Honestly? Yes, I would like to see fashion films overtake catwalks as the favoured format of presenting new collections but I don’t delude myself into thinking that this will happen any time soon. Too many incomes are dependent on the existence of catwalk presentations, for one. And secondly, when they’re done well, they are a timeless and classic style of presentation.

I think it would be more interesting to make fashion shows a form of entertainment for the public where the audience would pay and they would be happening at the same time that the clothes were actually on sale at the shops.Things are already beginning to evolve in this way anyway so why not take the bull by the horns and make some brave decisions? At least that way, the industry would be able to steer it in the direction that works best rather than being reactive to an evolution that’s probably inevitable anyway.

Who working within the fashion film genre inspires you? Who are the pioneers and why?

William Klein and Peter Knapp are certainly the real fashion film pioneers. More recently, of course, there is Nick Knight and SHOWstudio, which paved the way for fashion in motion, and of course Bruce Weber, Inez van Lamsweerde and Vinoodh Matadin, Steven Klein, Erwin Olaf, Steven Meisel and Ellen Von Unwerth. One of the most interesting fashion films of late is Lucrecia Martel for Miu Miu.

How do you decide what to include?

Basically the criteria for a fashion film is much the same as for any other film. Number one, I ask myself does it touch me in some meaningful, emotive or challenging way? Then I examine the direction, the sound, the styling, and question whether there is a narrative of some sort and what the reason is for it to exist…

And what doesn’t make the cut?

What I don’t include, no matter how beautiful they are, are fashion films that seem to me to be nothing more than fashion shoots with movement. A fashion film needs to offer much more than that.
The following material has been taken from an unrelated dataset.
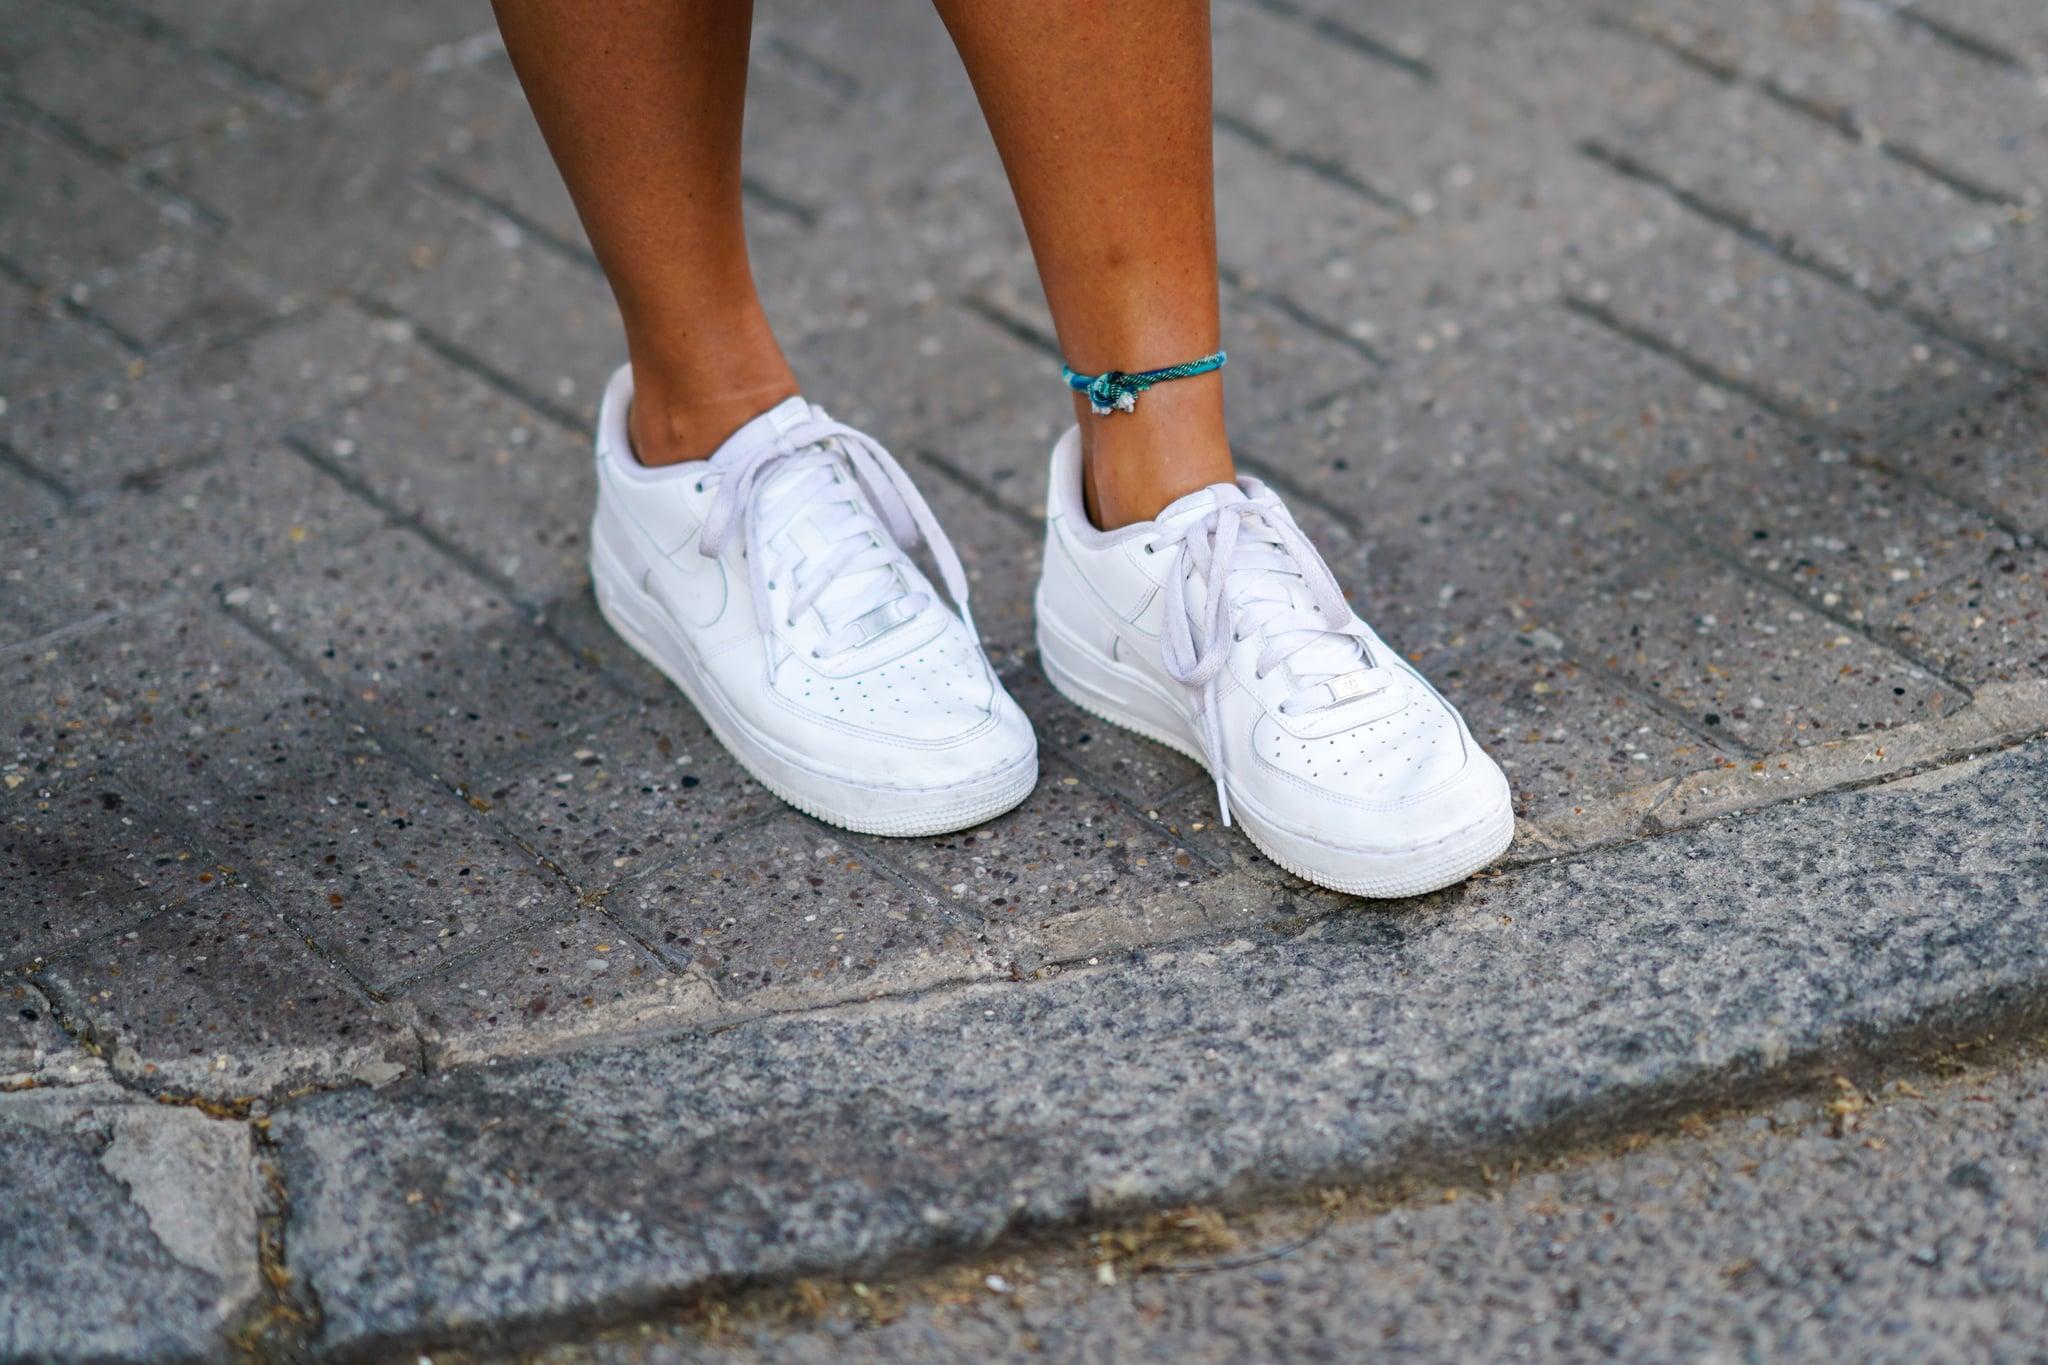 Best No-Show Socks For Women | POPSUGAR

In the past the fashion industry has been (in places) cautious of all things digital – is this changing? What is your experience of this?

I certainly experienced fear of the internet in Paris in many ways – especially amongst the fashion industry. At first they felt that the democratising of fashion was destructive to the industry. I think it is slowly changing here now because the internet is certainly not going to disappear and everything is immediately available to anyone curious enough to search for it. Before they liked to make it only available to the privileged few but now the establishment and the gatekeepers of the industry realise that the gate is wide open so they’d better adapt or perish.